I very much enjoyed Andrew Gelman's post "Bayesian statistical pragmatism" (4/15/2011) on his blog Statistical Modeling, Causal Inference, and Social Science. And one aspect of that post struck me as especially relevant to some recent LL discussions:
I am surprised to see Kass write that scientists believe that the theoretical and real worlds are aligned. It is from acknowledging the discrepancies between these worlds that we can (a) feel free to make assumptions without being paralyzed by fear of making mistakes, and (b) feel free to check the fit of our models (those hypothesis tests again! Although I prefer graphical model checks, supplanted by p-values as necessary). All models are false, etc.
I assume that Kass is using the word "aligned" in a loose sense, to imply that scientists believe that their models are appropriate to reality even if not fully correct. But I would not even want to go that far. Often in my own applied work I have used models that have clear flaws, models that are at best "phenomenological" in the sense of fitting the data rather than corresponding to underlying processes of interest–and often such models don't fit the data so well either. But these models can still be useful: they are still a part of statistics and even a part of science (to the extent that science includes data collection and description as well as deep theories).
I wrote the passage above nearly two months ago, in the middle of April, as the beginning of a post that I never finished. The "recent LL discussions" that I had in mind then were "Word order 'universals' are lineage-specific?", 4/15/2011, and "Phonemic diversity decays 'out of Africa'?", 4/16/2011; but Gelman's post also obviously applies to "Norvig channels Shannon contra Chomsky", 5/31/2011, and "Straw men and bee science", 6/4/2011.

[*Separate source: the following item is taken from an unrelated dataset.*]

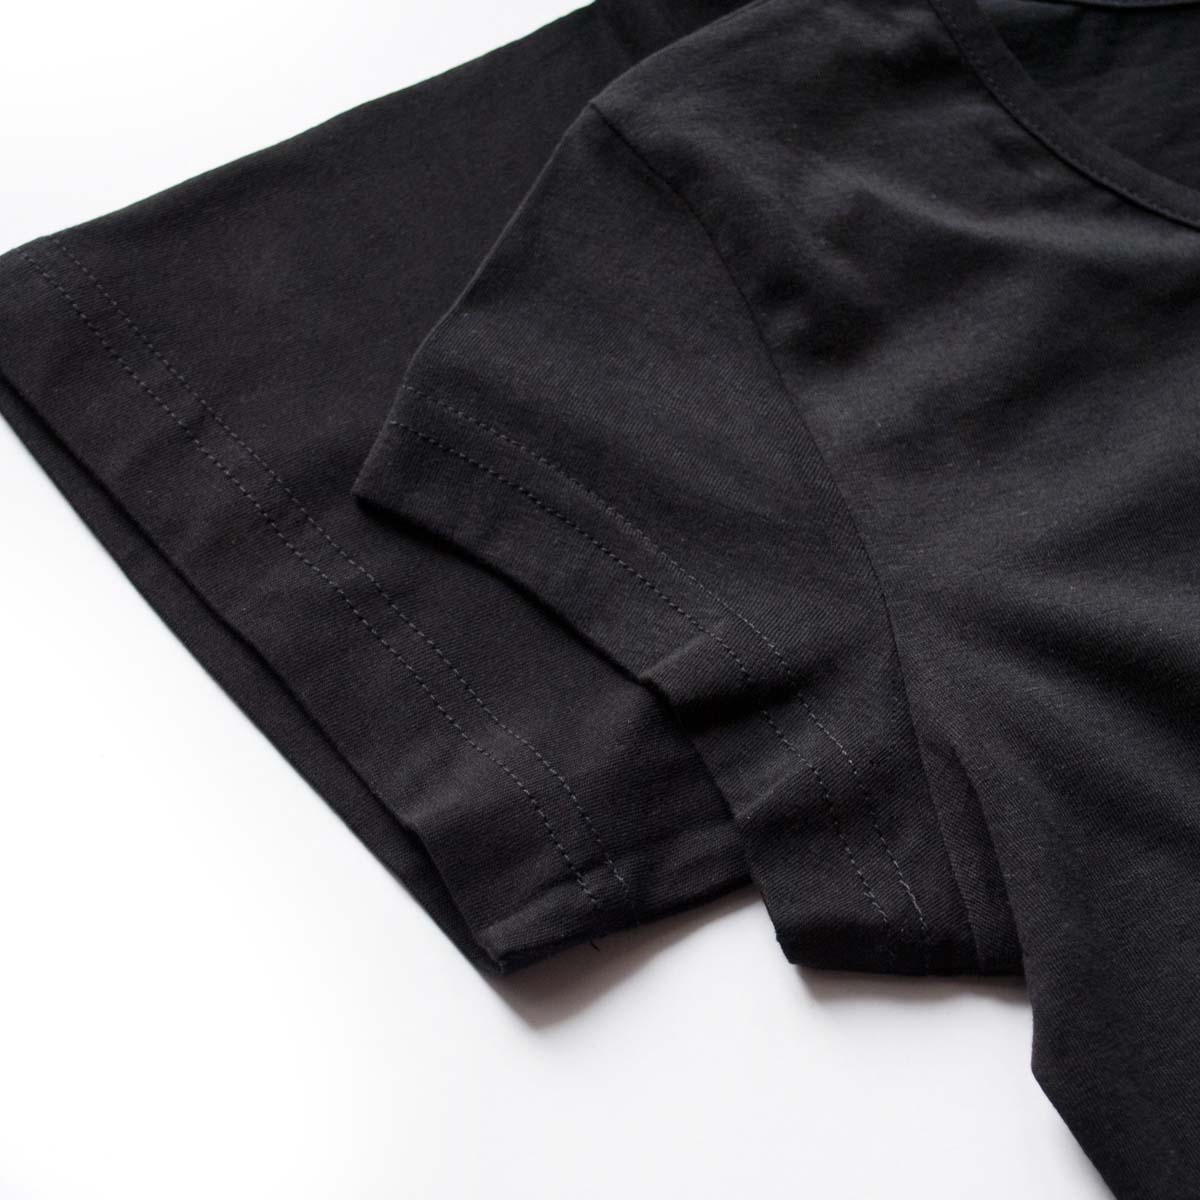 detaliu maneca tricouri cupluri negre

And all of this reminds me of something I wrote seven years ago about an earlier controversy in computational phylogeny — "More on Gray and Atkinson", 4/28/2004:
In thinking about the general problem, an analogy with physics may be helpful. If we assume that the sun, planets and other heavenly bodies are point masses in calculating their orbital dynamics, our model is obviously false to fact. But does this simplification invalidate our conclusions? Well, it might or might not, depending on what calculations we do and what conclusions we want to draw. Any model of orbital dynamics will be simplified — and therefore false — to one extent or another. The question is whether this matters with respect to some specific quantitative or qualitative prediction. Giving a correct answer to that question requires a mixture of detailed mathematical reasoning, relevant empirical testing and luck.
One of Russell Gray's slides made this point by quoting the well-known scientific proverb that "A model is a lie that leads us to the truth". I believe that this was originally adapted (by whom?) from a remark made by Picasso:
"We all know that art is not truth. Art is a lie that makes us realize truth, at least the truth that is given us to understand. The artist must know the manner whereby to convince others of the truthfulness of his lies." (The Arts, Picasso Speaks, 1923)
Yesterday Russell Gray made considerable headway in convincing me of the validity of his approach. His talk, and the discussion around it, clarified for me the nature of the simplifying assumptions that he's making, and the (empirical and logical) questions to be addressed in determining whether those simplifications invalidate his conclusions about the dating of Indo-European. He also convinced me that he's continuing a serious program of efforts to test the effects of his assumptions, and that he's serious about understanding and addressing objections. In other words, he's doing science.